In this article, we will understand why protein is essential for muscle maintenance and how we can use it to our advantage as we age.

The Role of Protein in Building Muscle

Proteins are considered macronutrients like fats and carbohydrates, as they provide energy. Proteins are also essential for muscle protein synthesis (MPS), the biological pathway by which the body builds new muscle proteins (1,2).
This process is essential for repairing and regenerating tissues after exercise or injury (1). Proteins are vital for:

  • Muscle synthesis and repair: proteins are crucial for repairing muscle fibers after exercise, aiding in growth and strengthening.
  • Anabolic Action: high-quality proteins, such as whey protein, activate the mTOR pathway, stimulating muscle growth (1, 3).
  • Protein Balance: adequate protein intake helps maintain muscle synthesis and counteracts degradation, especially with aging.

After a workout, the muscles suffer microdamage that needs to be repaired. Protein helps regenerate these fibers and promote muscle growth. During post-exercise recovery, protein intake is essential to prevent muscle loss and repair damaged fibers efficiently.

What Happens to Muscles as We Age?

As we age, our body naturally undergoes a gradual and progressive loss of muscle mass. Several factors contribute to this landscape (1,2):

  • The body’s response to exercise stimuli decreases,
  • Muscle protein synthesis becomes less efficient,
  • Muscle protein metabolism also slows down,
  • Aging muscle is less sensitive to the positive effects of dietary protein on protein synthesis, a condition known as anabolic resistance (1).

Together, these factors contribute to the progressive loss of muscle mass, reduced strength, and physical endurance, a phenomenon known as sarcopenia (1). Sarcopenia affects people over 60, particularly sedentary adults, leading to a significant loss of strength and mobility. But don’t worry, maintaining muscle mass after 60 is possible, with the right care!

Sarcopenia: How to Prevent Muscle Loss in the Elderly

Sarcopenia affects an increasing number of older adults, with up to 30% of the population over 60 showing signs of the condition. The good news is that effective prevention and treatment are available (3). The secret is a combination of:

  • regular exercise,
  • especially resistance training,
  • good nutrition, mainly adequate protein and energy intake (1).

Regular physical activity is essential for maintaining skeletal muscle strength and function in older adults. However, resistance exercise has been shown to significantly benefit aging muscles, promoting muscle mass, strength, and overall physical function (1).

Adequate protein intake after age 60 is crucial to maintaining muscle integrity. High-quality proteins, such as those found in whey, contain essential amino acids that stimulate muscle synthesis (1,3). Whey protein is particularly effective because it contains rapidly absorbed amino acids and a high concentration of leucine, which plays a crucial role in increasing muscle synthesis (1,3).

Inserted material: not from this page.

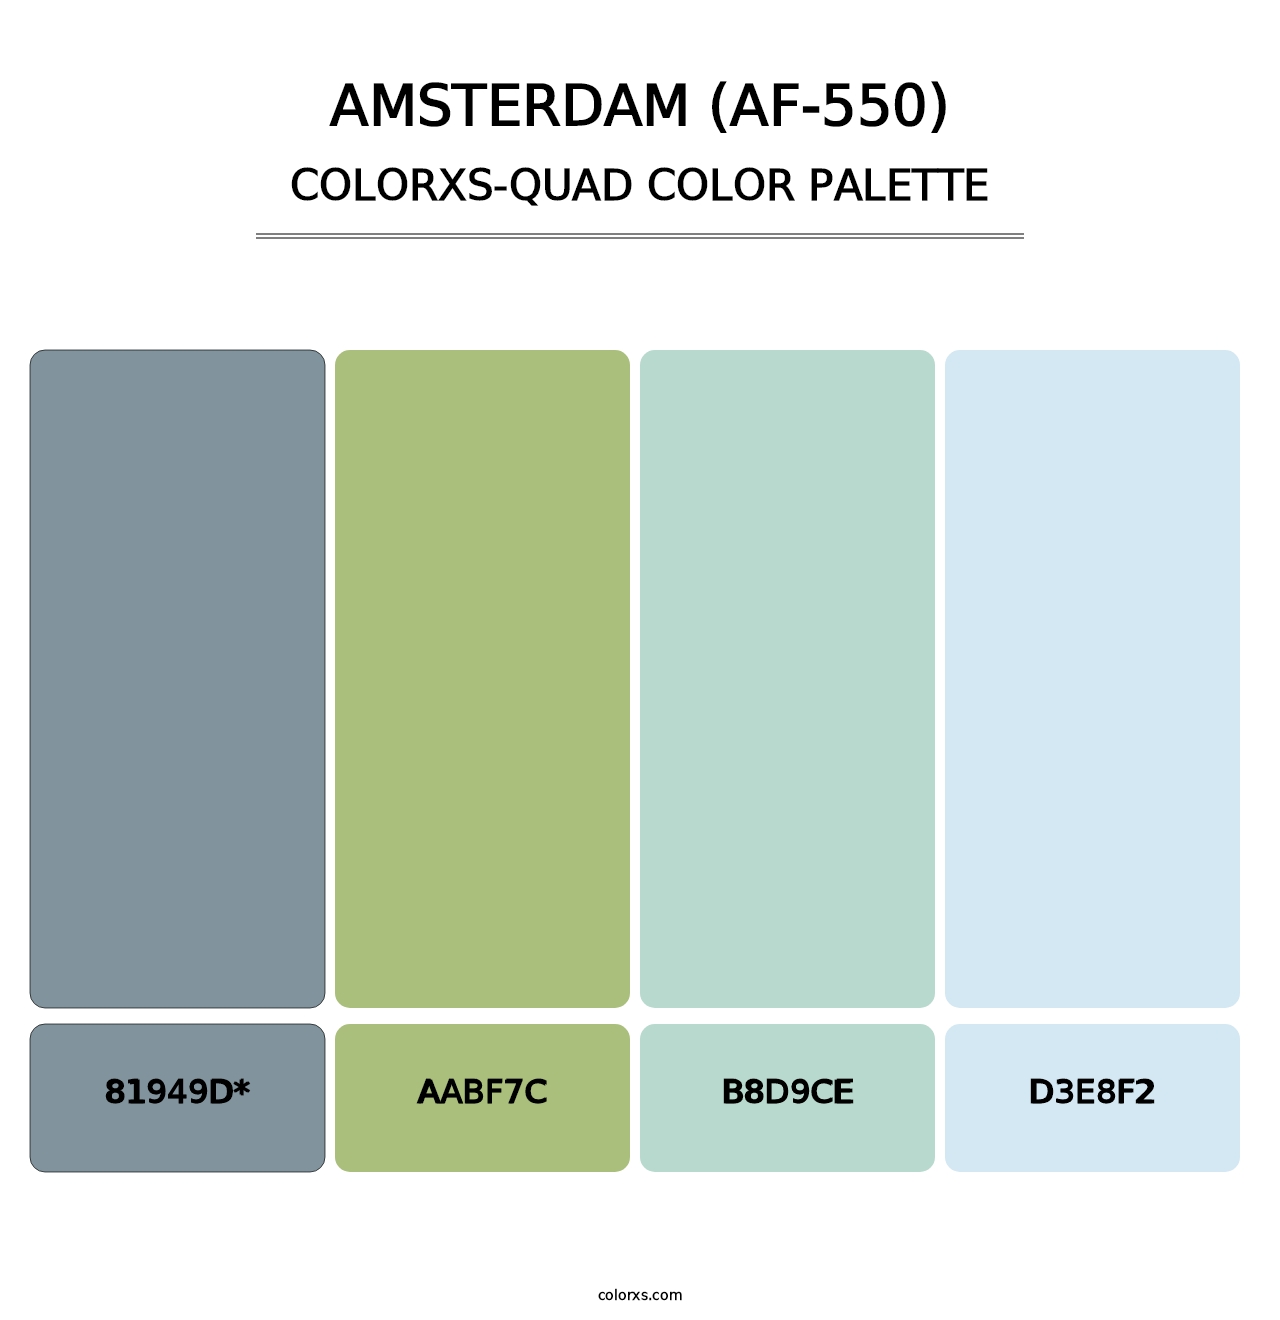 Amsterdam (AF-550) - Colorxs Quad Palette

Several studies have reinforced the need to increase protein intake for older adults, helping to preserve muscle mass and prevent age-associated muscle loss. Some findings indicated that the optimal amount of protein to maximize MPS increases with age. In young adults (~20 years), around 20 g of protein is sufficient to maximize MPS (4). In contrast, in healthy adults over 70 years, a dose of 35 g provides a greater MPS stimulus than doses of 10 or 20 g (5). In healthy older adults over 70 years, a protein intake above 1.0 g/kg/day protects against weight loss (6).

How Much Protein to Prevent Muscle Loss?

Protein needs vary depending on age, sex, and physical activity level. People, especially those who are more active, may need more protein to support muscle building and prevent muscle loss (2). In general, the daily protein recommendation for healthy adults of all ages is 0.8 g per kg of body weight.

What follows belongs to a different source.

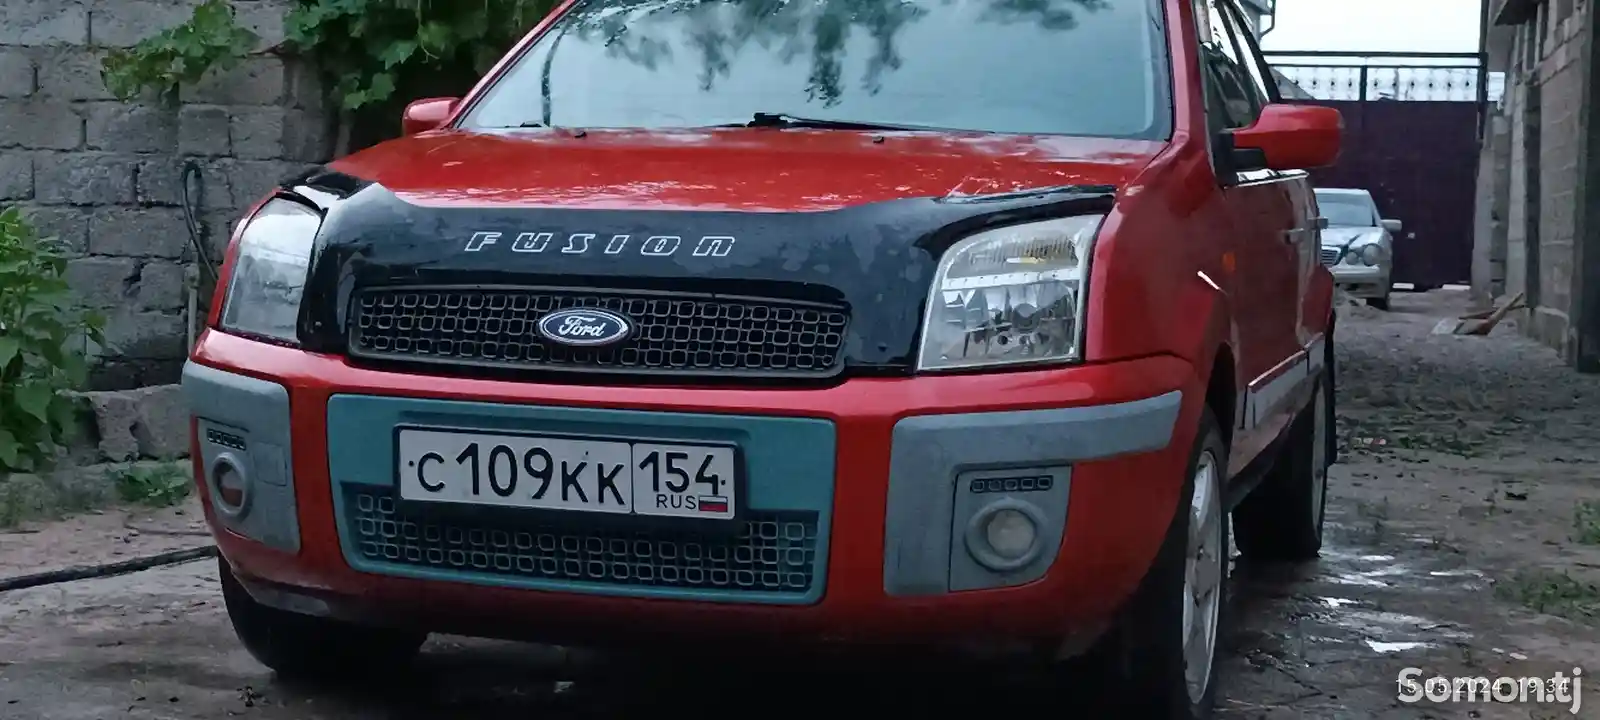 Ford Fiesta, 2006-2

According to the European Society for Clinical Nutrition and Metabolism (ESPEN), this amount should be increased for people over 65 years of age. For healthy adults, the recommendation is to consume between 1.0 and 1.2 grams of protein per kg of body weight. For adults older than 65 years at risk of sarcopenia or who exercise regularly, this value can increase from 1.2 to 1.5 grams (1).

In addition, the ESPEN encourages regular physical activity among older adults to promote muscle health.

The Relationship Between Protein Intake and Muscle Function in Older Adults

As we age, our bodies require high amounts of protein, particularly due to anabolic resistance (1). Thus, the evidence provided by the ESPEN expert group suggests that adequate protein intake can improve muscle function in older adults (1).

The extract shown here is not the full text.